Problem K
Horse Race - Hard
You are currently in horse racing competition with your arch nemesis. Both you and your arch nemesis have $N$ horses. This race has $N$ rounds, where in each round, one of your horses will race against one of your nemesis’s horses. All horses only race once.
You possess $N$ horses currently arranged in a line. The $i$-th horse in this line will have speed $a_ i$.
Your arch nemesis is sending out $N$ horses too. Each of their horses has a speed $b_ i$. The horse with a higher speed will always win the race. No two horses have the same speed.
You know the exact sequence in which your arch nemesis will send out their horses, which is in the order $b_0, b_1, b_2, \dotsc , b_{n-1}$. Since your horses are currently arranged in a line, it would take too much work to fully reorder them. Instead, you can pick any cyclic shift of your horses, and send them out in that order. We consider the $i$-th ($0 \leq i \leq N - 1$) cyclic shift to be the $i$-th right cyclic shift, so the cyclic shift where the last $i$ horses in the ordering are moved to the front.

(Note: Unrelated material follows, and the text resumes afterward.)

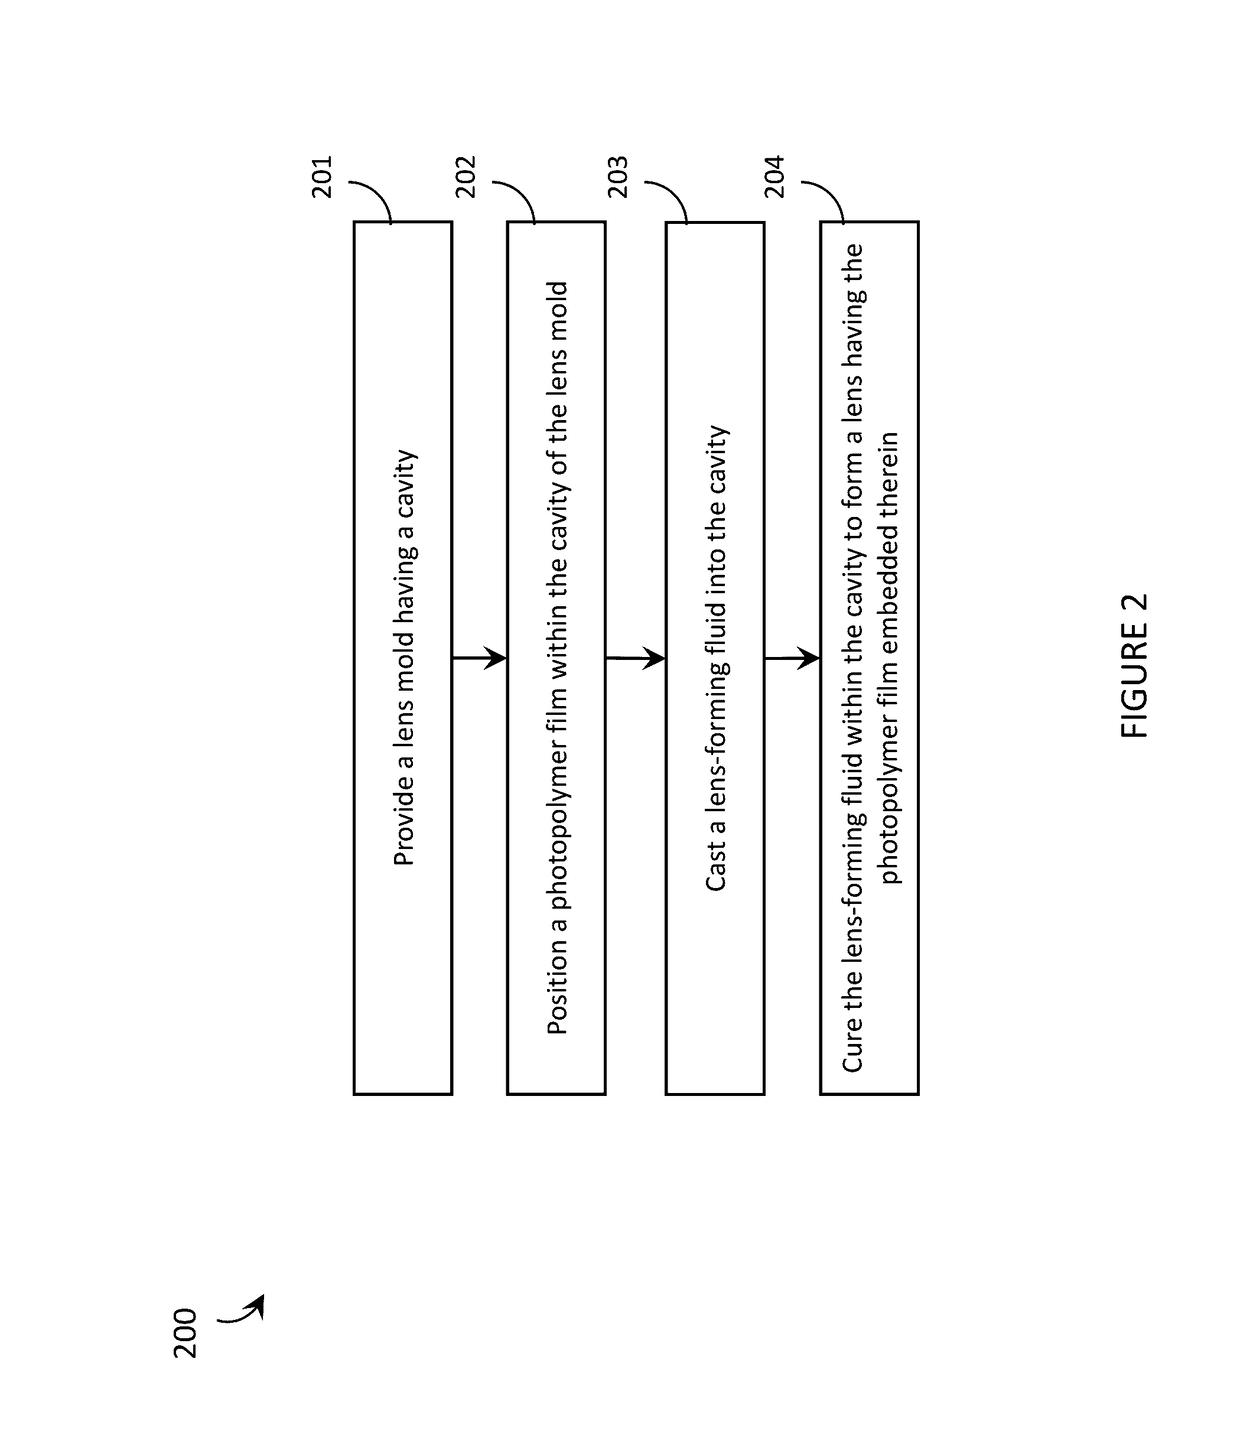 Systems, articles, and methods for integrating holographic optical elements with eyeglass lenses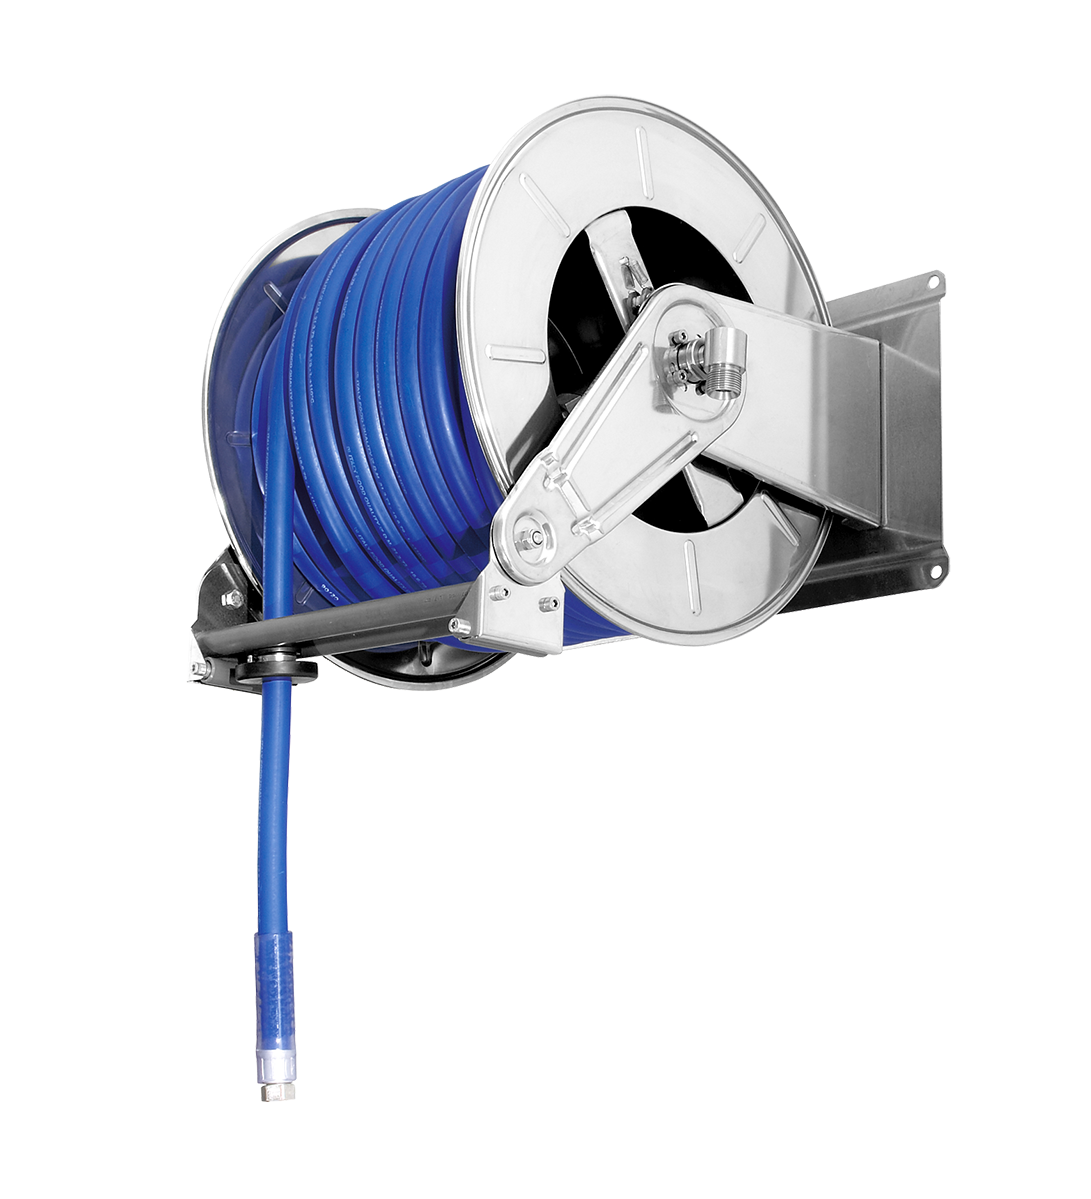 industrial cleaning systems automatic hose reel 40 meters hose BoonsFIS

You win the competition if, in the ordering you choose, you win strictly more than half the individual races. Print each cyclic shift that results in you winning the competition!
Input
The first line contains a single integer $N \: (1 \leq N \leq 200\, 000)$, representing the number of rounds in the race. The second line contains N space-separated integers, where the $i$-th integer represents $a_ i \: (1 \leq a_ i \leq 10^9)$, the speed of the $i$-th horse in your line. The third line contains $N$ space-separated integers, where the $i$-th integer represents $b_ i \: (1 \leq b_ i \leq 10^9)$, the speed of the $i$-th horse in your arch nemesis’ horse ordering. All values of $a_ i$ and $b_ i$ are distinct.
Output
On the first line, output a number, representing the number of cyclic shifts that win the competition. Then, in the next line, output space-separated each of the cyclic shift numbers that win in sorted order.
| Sample Input 1 | Sample Output 1 |
|---|---|
3 7 10 4 1 6 9 |
2 0 1 |